From: Janis Papanagnou on 27 Mar 2010 05:46 Hongyi Zhao wrote: > Hi all, > > I've the following file which includes three fields in each line: > > "IP_ADDRESS" "ISP_NAME" "DOMAIN_NAME" > "109.86.226.38" "-" "-" > "117.18.75.235" "SUNNYVISION LIMITED" "SUNNYVISIONDATACENTRE.COM" > "119.11.13.169" "-" "-" > "119.11.42.164" "-" "-" > "121.44.240.31" "INTERNET SERVICE PROVIDER" "ON.NET" > "122.155.3.145" "CAT TELECOM PUBLIC COMPANY LTD" "-" > "140.109.17.180" "T-SINICA.EDU.TW-NET" "-" > "145.100.100.190" "UVA-MASTER-SNE-NET" "-" > "149.9.0.57" "PSI" "BNA.COM" > "149.9.0.58" "PSI" "BNA.COM" > "149.9.0.59" "PSI" "BNA.COM" > "151.15.8.46" "ITALIA ONLINE S.P.A" "15-151.IOL.IT" > "151.16.191.218" "IUNET-BNET" "38-151.NET24.IT" > "151.21.86.208" "FREE INTERNET DIAL-UP SERVICES" "21-151.LIBERO.IT" > "151.23.7.196" "ITALIA ONLINE S.P.A" "PPP-POOL-23-0-10.IOL.IT" > "151.48.43.174" "IUNET-BNET" "48-151.NET24.IT" > "151.53.80.237" "IUNET-BNET" "38-151.NET24.IT" > "151.54.214.97" "IUNET-BNET" "38-151.NET24.IT" > > Now, I want to delete some records from this file based on "ISP_NAME" > or "DOMAIN_NAME". I describe the details of my requirements as > follows: > > 1- If a record's "ISP_NAME" and "DOMAIN_NAME" fields are "-", delete > it from the file. awk '$NF !~ /"-"/ || $(NF-1) !~ /"-"/' your_file > > 2- Based on the given IP_ADDRESS, say, 151.48.43.174, delete the > records which have the same "ISP_NAME" or "DOMAIN_NAME" as it has. In > this case, the following records should be deleted from the file: This requires to operate twice on the data, first to find the respective name and then to remove all the addresses. For the first task[*]... awk -v ipaddr="151.48.43.174" '$1 ~ ipaddr {print $2}' your_file For the second task... awk -v ispname=... '$2 !~ ispname' your_file You can combine those commands, e.g. using command substitution where the variable ispname is set. Janis [*] This is, strictly speaking, not correct since the dots match any character in the first field, but your data seems to allow for that simplification. > > "151.48.43.174" "IUNET-BNET" "48-151.NET24.IT" > "151.53.80.237" "IUNET-BNET" "38-151.NET24.IT" > "151.54.214.97" "IUNET-BNET" "38-151.NET24.IT" > > Any hints on this issue? > > BR.

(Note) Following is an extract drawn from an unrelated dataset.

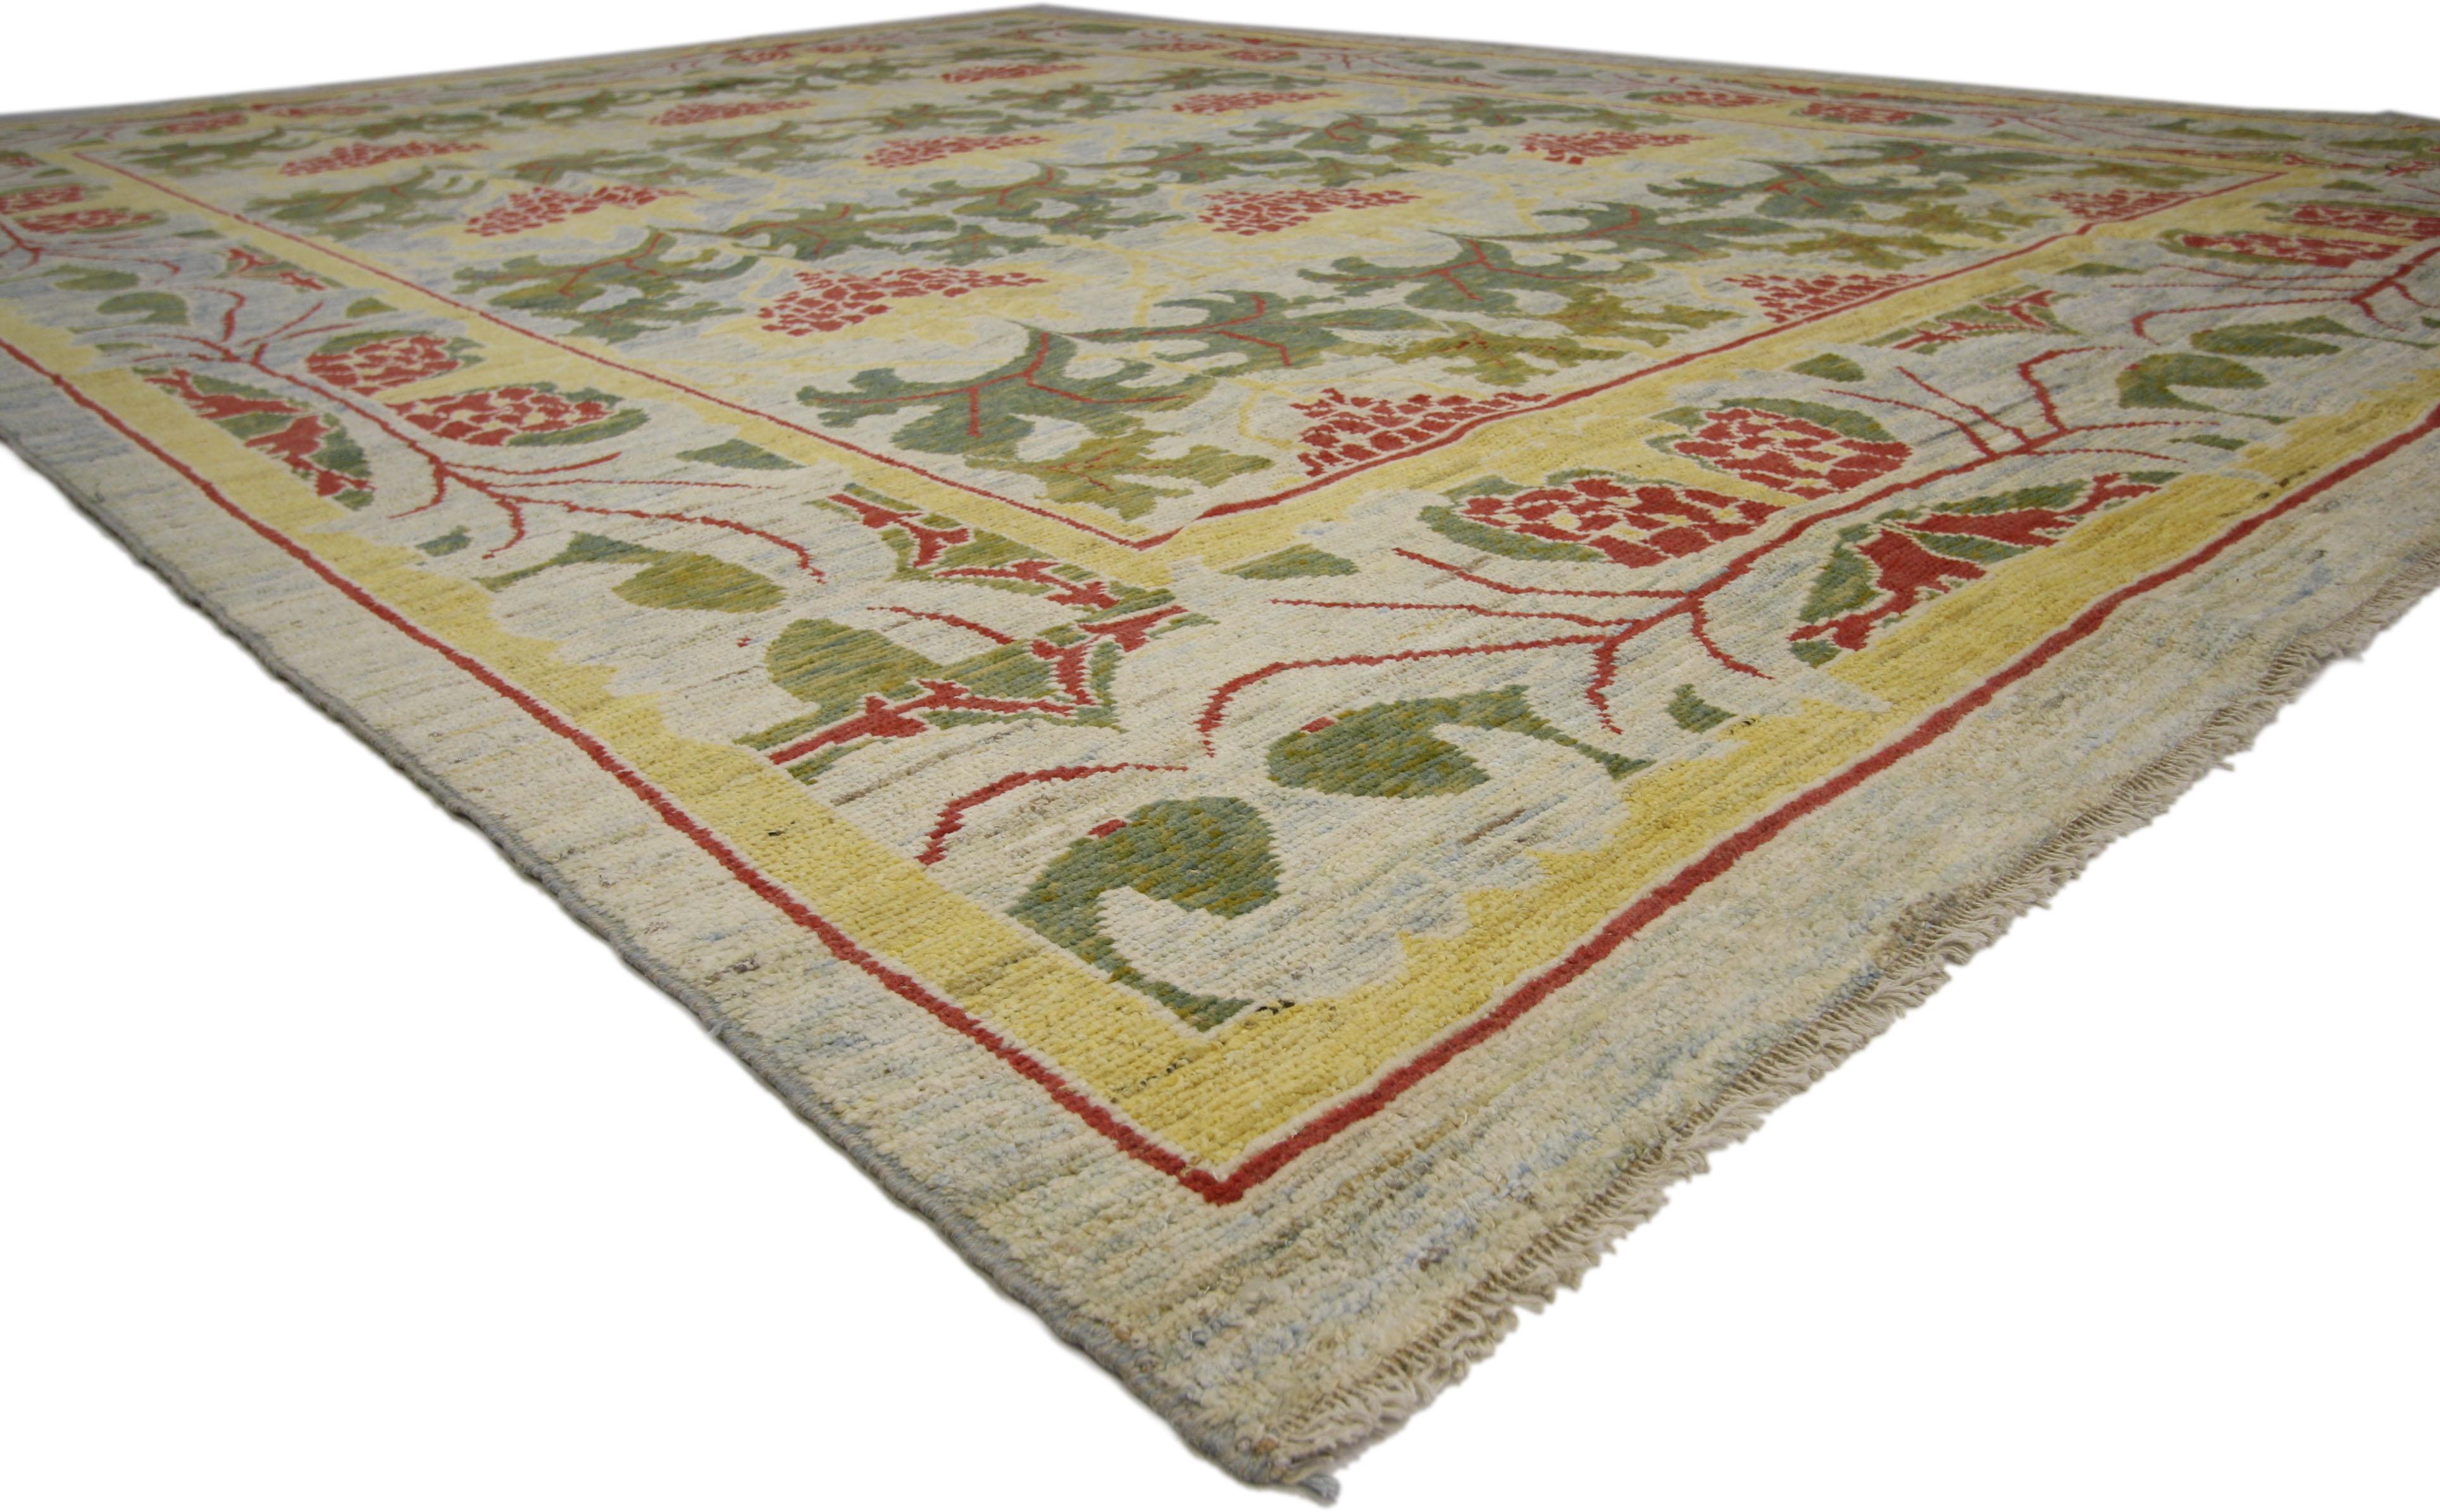 60748 New Contemporary Turkish Oushak Rug with Arts & Crafts Style Inspired by William Morris 10'10 x 15'02. The architectural elements of naturalistic forms combined with Arts and Crafts style, this new Turkish Oushak rug draws inspiration from

From: Hongyi Zhao on 27 Mar 2010 06:49 On Sat, 27 Mar 2010 10:46:32 +0100, Janis Papanagnou <janis_papanagnou(a)hotmail.com> wrote: >This requires to operate twice on the data, first to find the respective >name and then to remove all the addresses. > >For the first task[*]... > > awk -v ipaddr="151.48.43.174" '$1 ~ ipaddr {print $2}' your_file > >For the second task... > > awk -v ispname=... '$2 !~ ispname' your_file > >You can combine those commands, e.g. using command substitution where >the variable ispname is set. > >Janis > >[*] This is, strictly speaking, not correct since the dots match any >character in the first field, but your data seems to allow for that >simplification. Good, thanks a lot. But we must consider the following case: If the record corresponding to the given IP has the following characteristics: one of these two fields, i.e. "ISP_NAME" or "DOMAIN_NAME" has the value: "-", then the second task will be more dangerous because based on the value: "-", we may remove some records that should not be deleted. In order to solve this issue, I put the following requirement additionally: If the "ISP_NAME" of the record corresponding to the given IP has the value: "-", use the "DOMAIN_NAME" as the matching conditions to do the deteting operations, and vice versa. So how should the code be touched up? BR. -- ..: Hongyi Zhao [ hongyi.zhao AT gmail.com ] Free as in Freedom :.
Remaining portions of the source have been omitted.